[Data below — start]

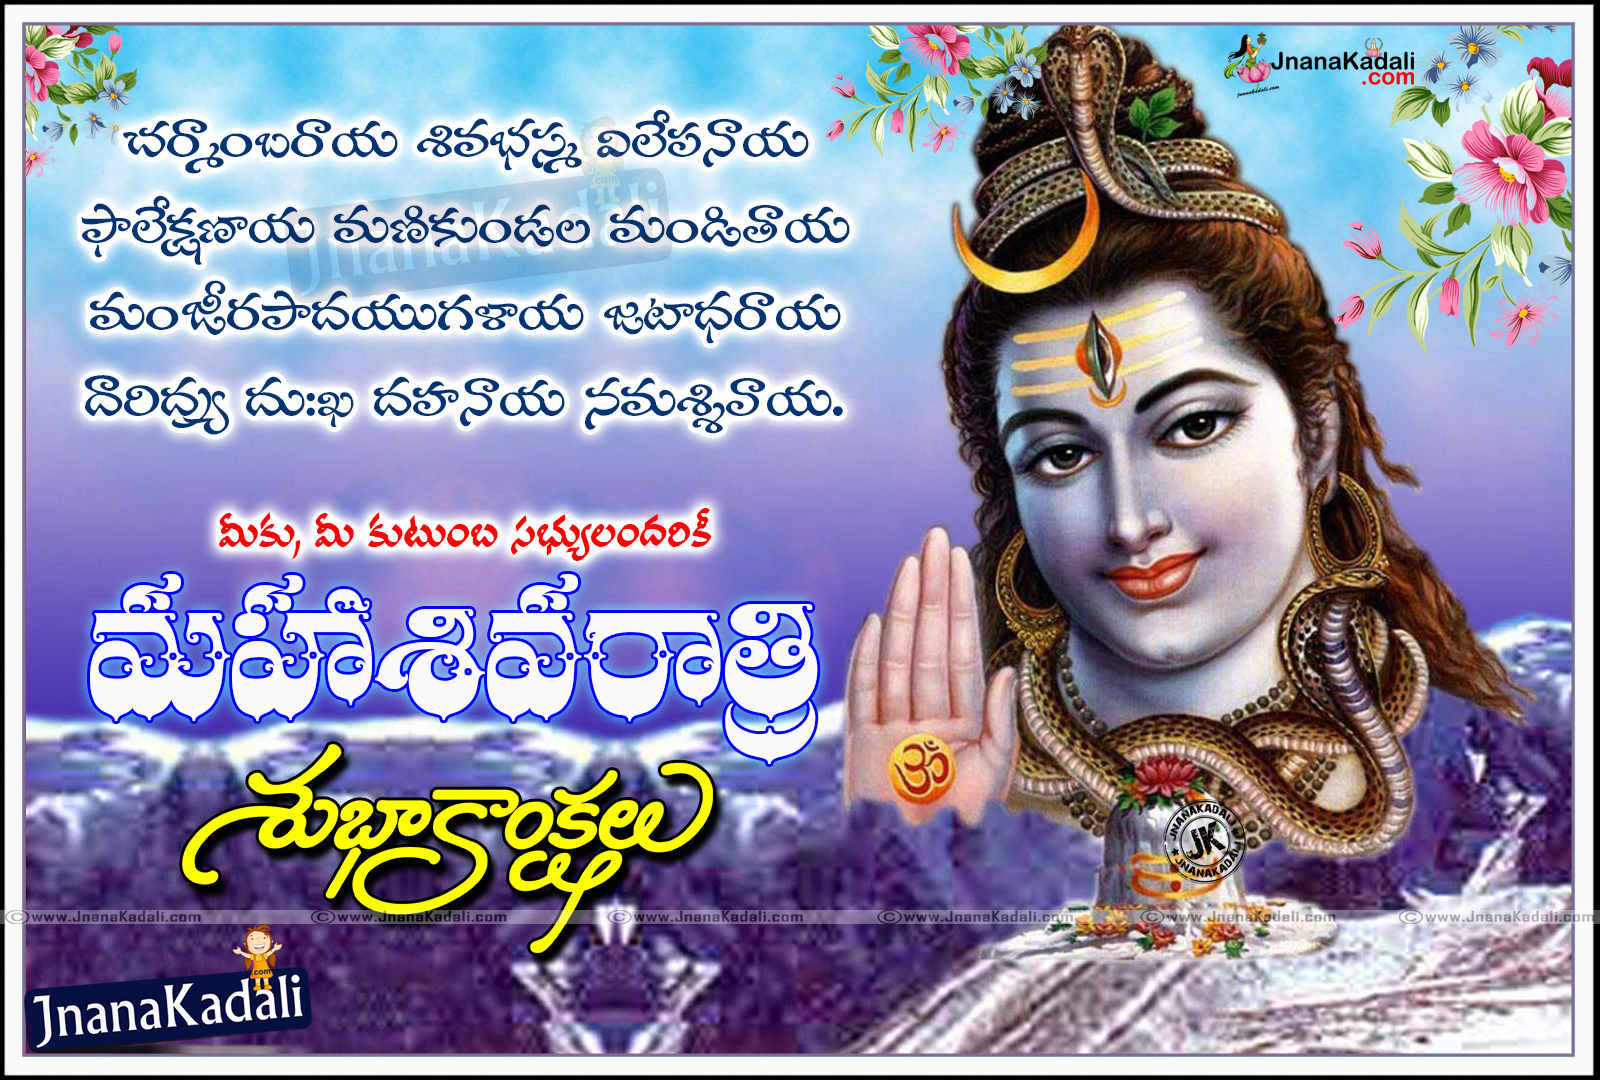 New Telugu Language Lord Shiva Hd Wallpapers with Happy Maha ...
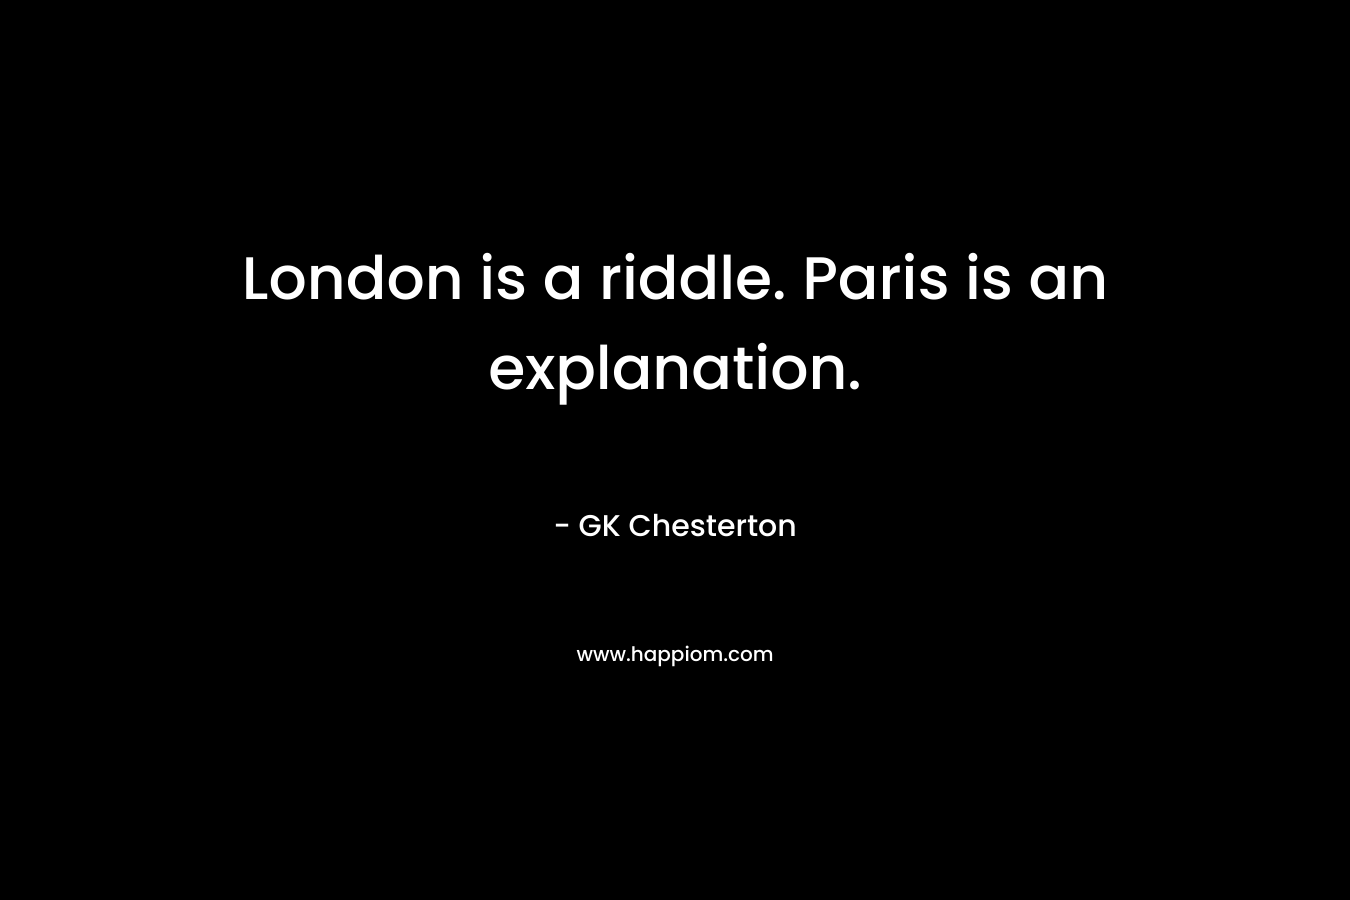 London is a riddle. Paris is an explanation.
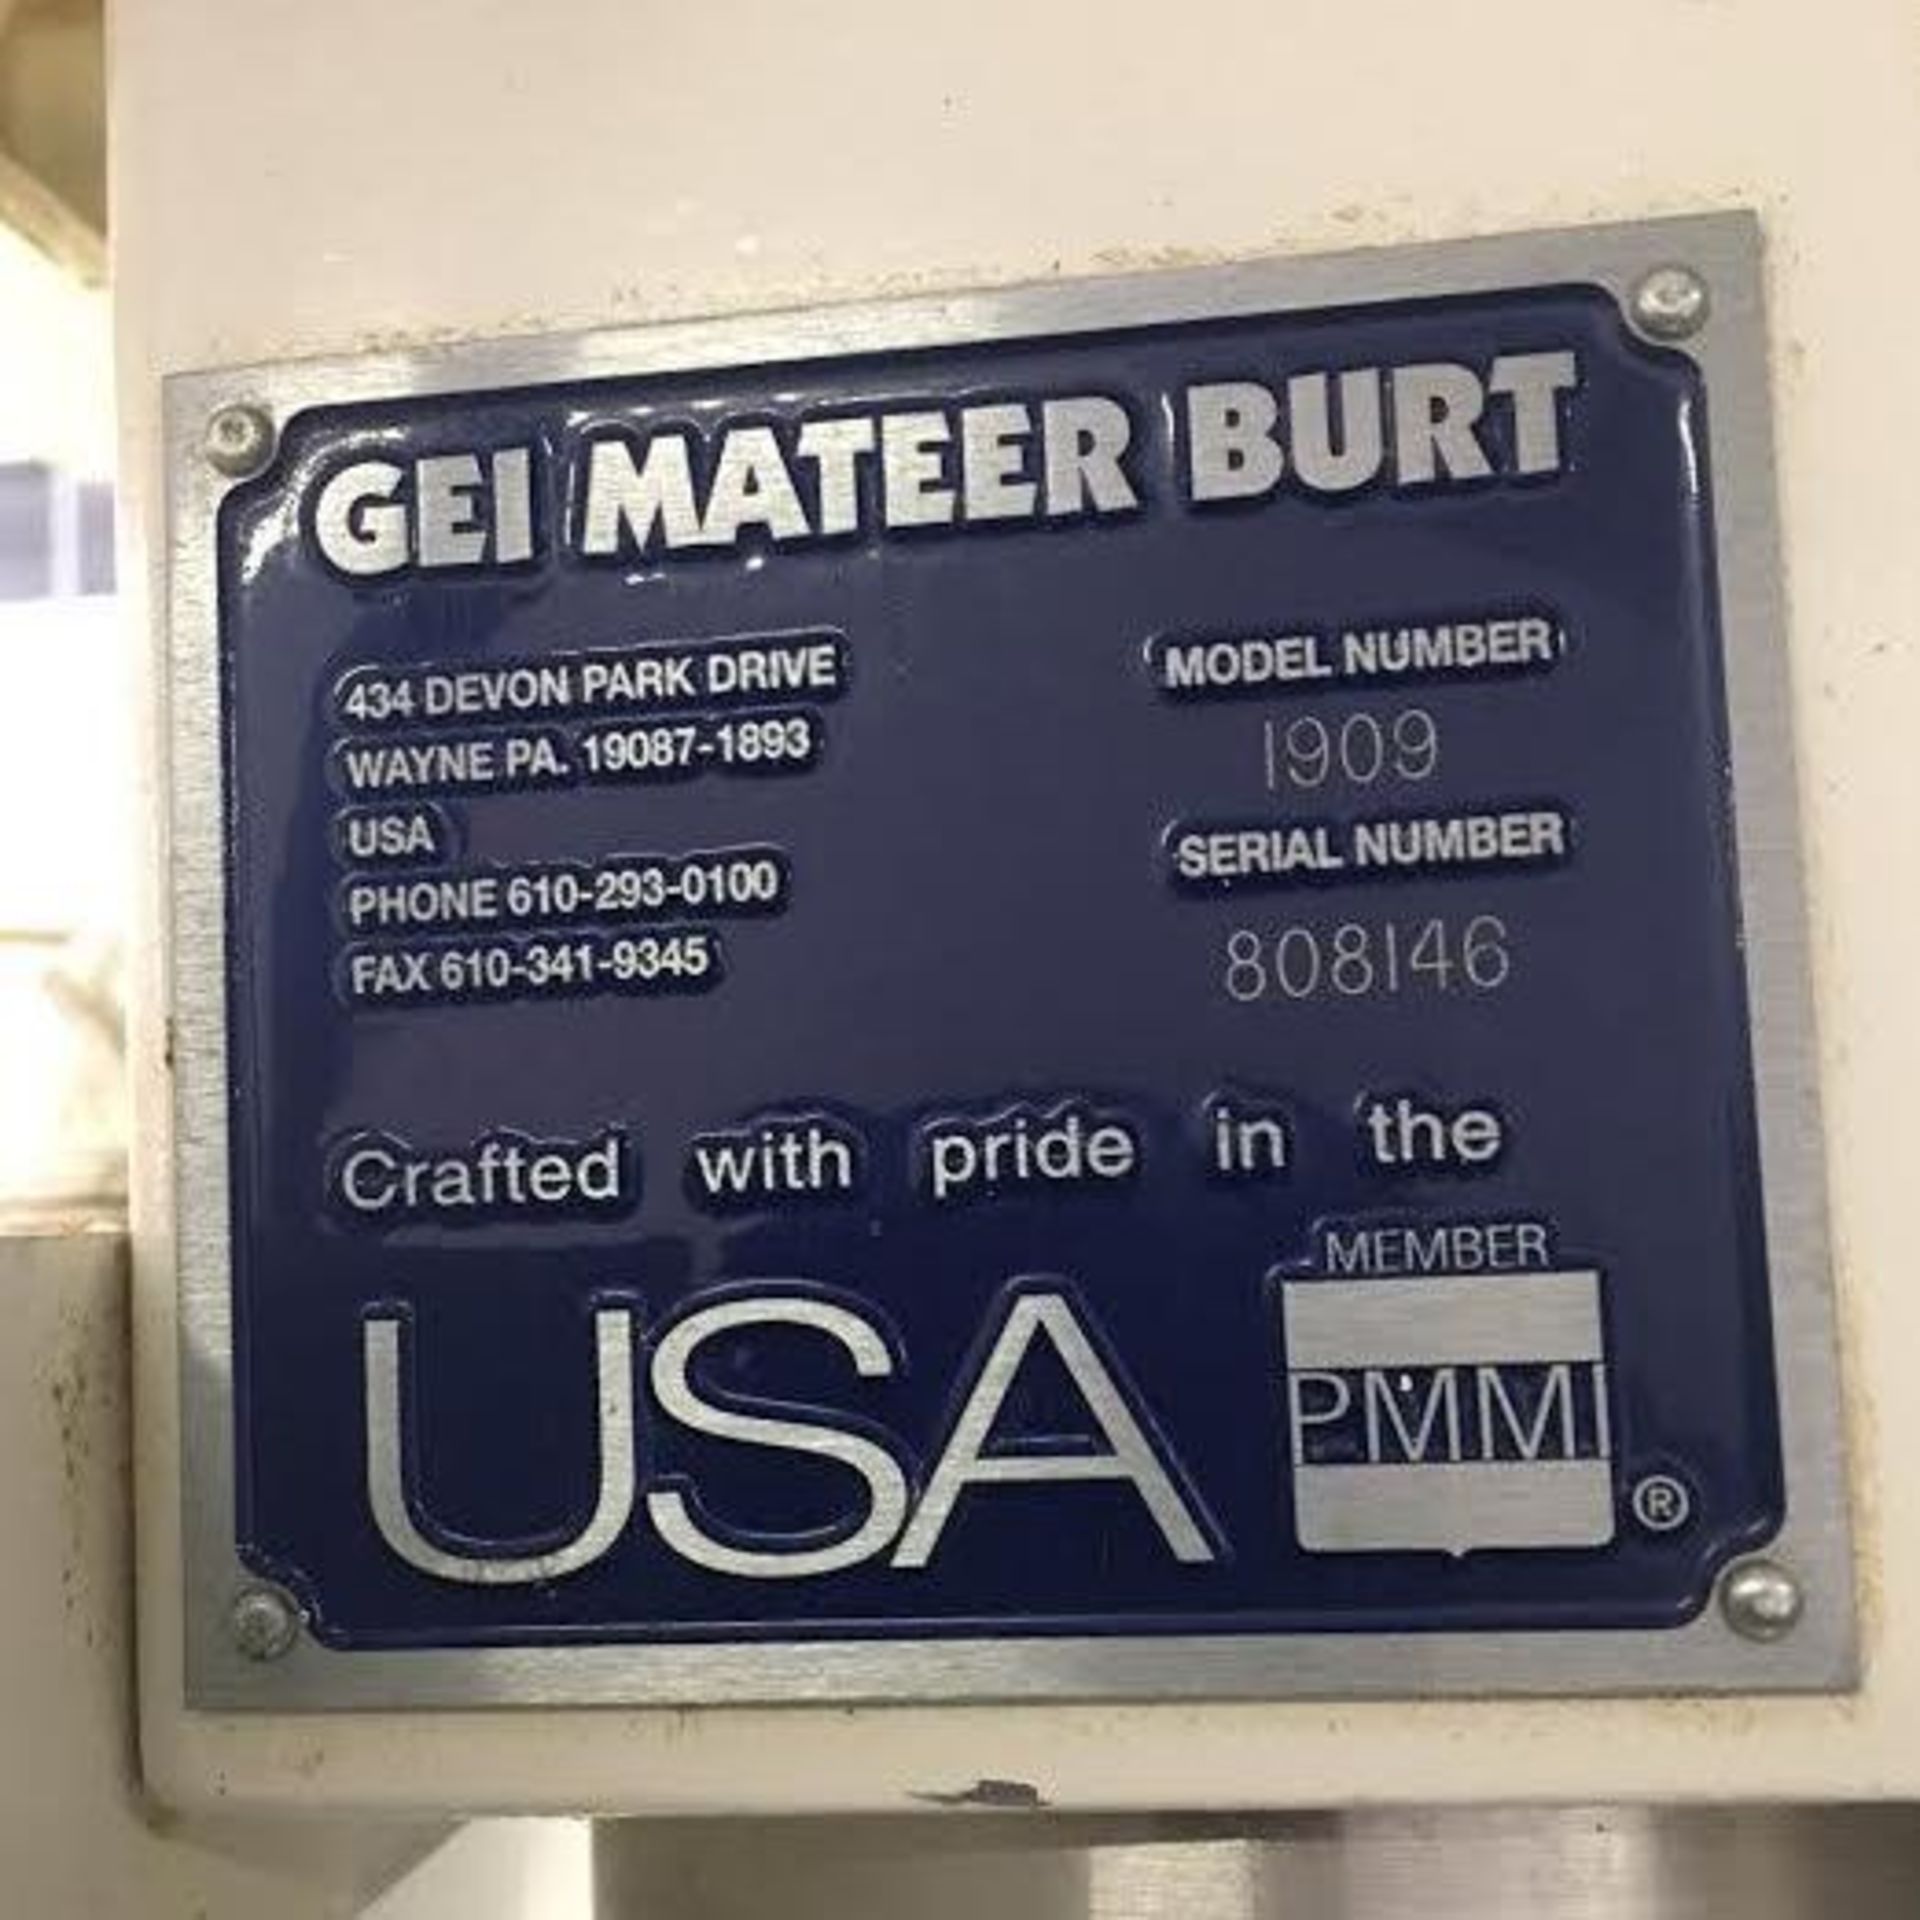 Gei Mateer Burt Single Head Powder Filler - Image 6 of 8
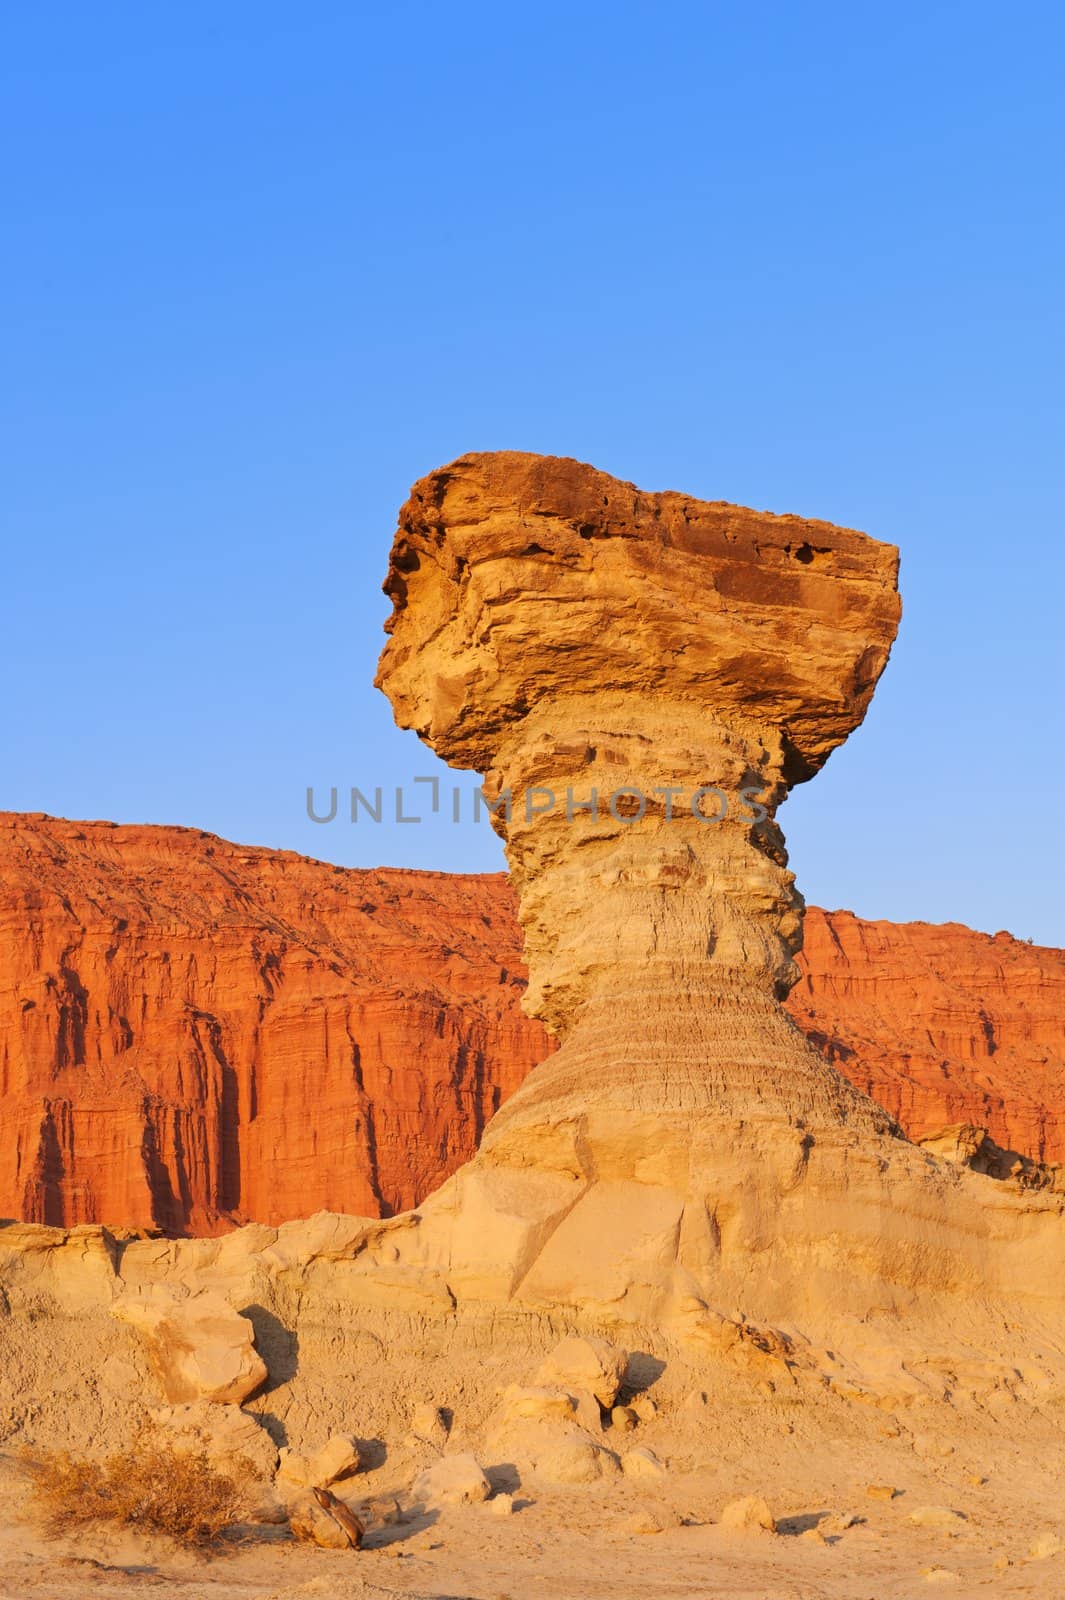 Sandstone formation in Ischigualasto, Argentina, the one called "the mushroom". UNESCO world heritage site.

[Data below — finish]

**Directions:** In the listing above, find the line containing "Gei Mateer Burt" and restate it and every later line verbatim, with the pictures left out.

**Answer to the exercise:**
 Gei Mateer Burt Single Head Powder Filler - Image 6 of 8
 Sandstone formation in Ischigualasto, Argentina, the one called "the mushroom". UNESCO world heritage site.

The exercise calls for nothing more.